While it took over 18 months for official bodies to acknowledge public complaints, a federal state of emergency, lawsuits, and criminal charges have helped to ensure an adequate response to Flint’s water crisis. By the end of 2016, lead concentrations in Flint water were consistently below federal action levels. As of July 17 this year, the city has replaced 9659 pipes, installed 16,131 copper service lines, and made 25,790 excavations in an attempt to put an end to the drinking water disaster.

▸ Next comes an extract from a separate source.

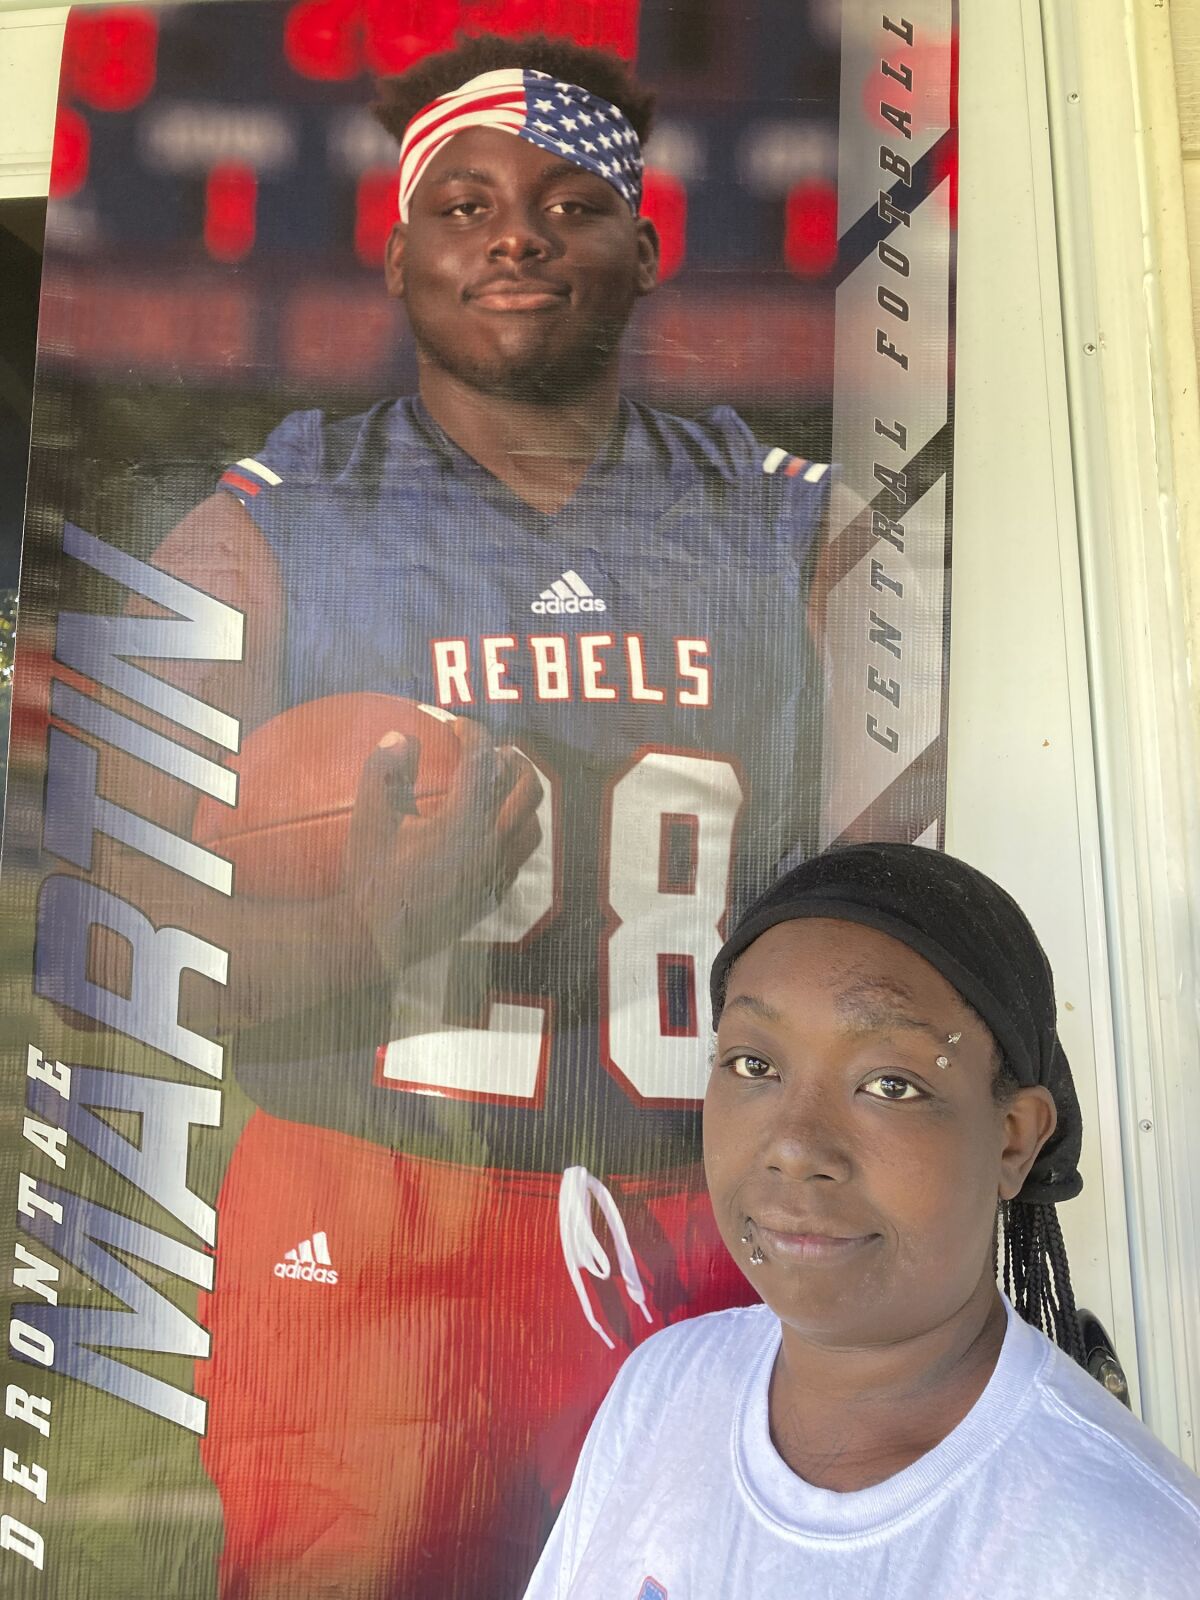 Ericka Lotts stands next to a poster of her son, Derontae Martin, from his high school football playing days, on Friday, Sept. 17, 2021, at her home in Ferguson, Mo. Lotts is frustrated by the pace of the investigation into Martin's death. The 19-year-old died in April at a home in rural Missouri. (AP Photo by Jim Salter)

Blue-Green Algae blooms in state lakes and reservoirs

There’s been a slow and subtle invasion of major freshwater bodies in the US over the past decade. These tiny plants are barely visible alone, but when growing exponentially in large ‘blooms’, blue-green algae (or cyanobacteria, as they’re scientifically known) can take a pristine stretch of water and quickly turn it into a thick, foaming, stinking, green soup.

According to the CBC (Canadian lakes aren’t immune either), cyanobacteria aren’t really a new or recent issue for the Canadian water systems as a whole, given that blue-green algae are a natural part of ocean and lake ecosystems. The reason that concerns are being voiced now is that numbers are fast increasing in Canadian freshwater lakes.

Blue-green algae love to grow in still or slow-moving water that’s rich in phosphorus and nitrogen. Agricultural, urban, and even gardening pollution are known to be major sources of these nutrients, which enter freshwater via erosion, heavy rain, and environmental destruction—especially clear-cutting and the new home building. Higher overall temperatures and longer summers only add to the incubation effect.

Today, several states are facing annual summer battles against algal growth, with Lake Champlain in Vermont and Florida’s Lake Okeechobee (as well as many lakes across Minnesota and Wisconsin) being well-known problem areas.

Beyond looking and smelling nasty, the sheer number of organisms reproducing and dying in an algal bloom can release a significant level of toxins into the water. Some affect the nervous and respiratory system, while others show up in rashes and discomfort when contaminated water comes into contact with the skin.

According to HealthLink BC, drinking water containing cyanobacterial toxins will likely impart a slew of minor symptoms, from headaches, nausea, and a sore throat, to more serious diarrhea, abdominal pain, and vomiting. Although this kind of contamination is unlikely in water disinfected by public water utilities, high levels of algae can put private wells in the area at greater risk of contamination.

Preparing for tomorrow’s water shortages

Water shortages are nothing new in the southwest. For as long as there’s been an effort to maintain large populations in states likes New Mexico, Arizona, and California, serious planning and infrastructure have been required to keep the taps flowing with drinkable water. Perhaps the most famous of these water projects would be the Colorado River Aqueduct, which has supplied the LA network with around a billion gallons of its tap supply per day since the mid-twentieth century.

The aqueduct is just one of the many costly and artificially sustained water systems that support urban centers in the American West. There are the El Paso desalination plant and the recently shelved Las Vegas pipeline, to name two others. These infrastructure projects have always relied upon state and federal resources to sustain them, but with populations steadily rising, plus the slow increase of already high average yearly temperatures, many are now sounding the alarm about the future of stable tap supplies in this part of the country.